Amílcar Augusto Pereira de Castro was a Brazilian artist, sculptor and graphic designer.
Career
Moving to Rio de Janeiro in 1953 de Castro began his career as a graphic designer with the magazines "Manchete" and "A Cigarra." He carried out the graphic redesign of the Jornal do Brasil newspaper in 1957-1959. In the sixties, though he was increasingly artistically more focused on sculpture, he undertook graphic design for several other Brazilian newspapers as well as working as a book designer for the publisher Editora Vozes.
From the late 1950s he focused on sculpture and was one of the leading figures of the Brazilian Neo-Concrete Movement. He participated in exhibitions with this group in Rio de Janeiro and São Paulo, in 1956. In 1959 he was one the signatories of the Neo-Concrete Manifesto alongside Ferreira Gullar, Franz Weissmann, Lygia Clark, Lygia Pape, Reynaldo Jardim, and Theon Spanudis which was published on 22 of March 1959 in Jornal do Brazil.

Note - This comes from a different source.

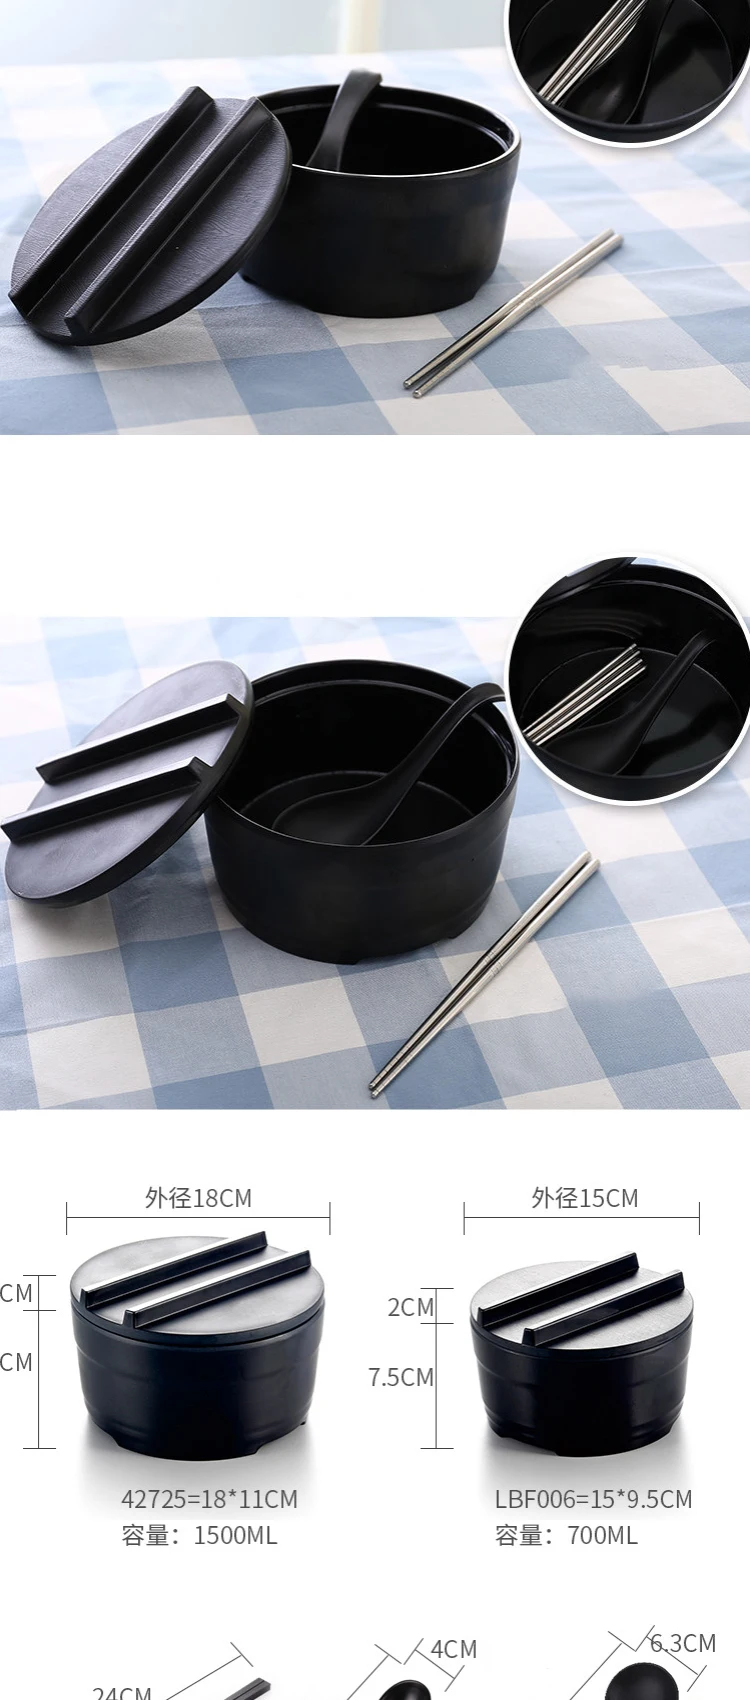 Черный матовый bo'w'l ресторан блюдо тарелка для приправы, соуса фарфоровый горячий горшок блюдце пластиковая посуда японское корейское блюдо

After receiving a grant from the Guggenheim Foundation and the "Foreign Travel" prize at the 15th National Salon for Modern Art in 1957 he travelled to the United States, basing himself in New Jersey. In 1971 he returned to Belo Horizonte dedicating himself to artistic and educational activities. He directed the Escola Guignard Foundation from 1974 to 1977 where he taught "bidimensional and tridimensional expression." He was Professor of Sculpture at the UFMG School of Fine Arts from 1979 to 1990 and of Sculpture at the Art Foundation of Ouro Preto-FAOP in 1979. One of his students was Shirley Paes Leme.